I gave the standard American answer. History. Culture. Freedom. The Constitution. A kind of verbal shrug wrapped in confidence. It sounded coherent. It sounded practiced. It also didn’t really answer the question.
Because the question isn’t actually about guns. It’s about thresholds. Every country has problems. Some are worse than ours. Many are not. But we are the only country where this particular combination: availability, frequency, and normalization, has settled into the background noise of everyday life.² And once something becomes background noise, it becomes very hard to hear.
• Civilian-owned firearms in the United States: ~400 million²
• Countries with more guns than people: one²
• Schoolchildren participating in active shooter drills: common enough to be routine³
And then there was Sandy Hook Elementary School.
Twenty children. Six adults. A place designed, very specifically, to be safe. If there were ever a moment where a country might collectively stop and say, “No. This is the line,” that was it. Except it wasn’t.

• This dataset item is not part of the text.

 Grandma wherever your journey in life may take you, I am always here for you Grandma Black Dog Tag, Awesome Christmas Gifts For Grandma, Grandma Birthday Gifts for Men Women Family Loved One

Nothing snapped. No cultural breaking point. No sustained, collective refusal. There was grief, there was outrage and then there was something else that is harder to name but easier to recognize.
Continuation.
Chris Rock (comedian) once joked, “You don’t need gun control. You know what you need? We need some bullet control.”⁴ It lands because it’s absurd. It also lands because it’s not entirely absurd. It exposes how we orbit around the mechanics of a problem without ever quite deciding to confront the center of it.
Which is this:
We have not decided what is unacceptable, then the line doesn’t hold. It moves. Quietly. Gradually. Almost politely. Until things that would have once been unthinkable become tragic, then familiar, then expected.
And eventually, just part of the landscape.
THE PEOPLE QUIETLY HOLDING THIS TOGETHER
While all of this is happening, while we debate, analyze, and politely reframe things that probably should not be polite, there are people still showing up every day and keeping the whole thing from coming apart completely.
Teachers.
Not in the abstract. Not in the “we value education” way people say at school board meetings before voting against funding. I mean actual human beings who walk into classrooms every morning and try to hold together thirty separate nervous systems, each with their own attention span, stress level, home life, and, increasingly, baseline anxiety about the world they are growing up in.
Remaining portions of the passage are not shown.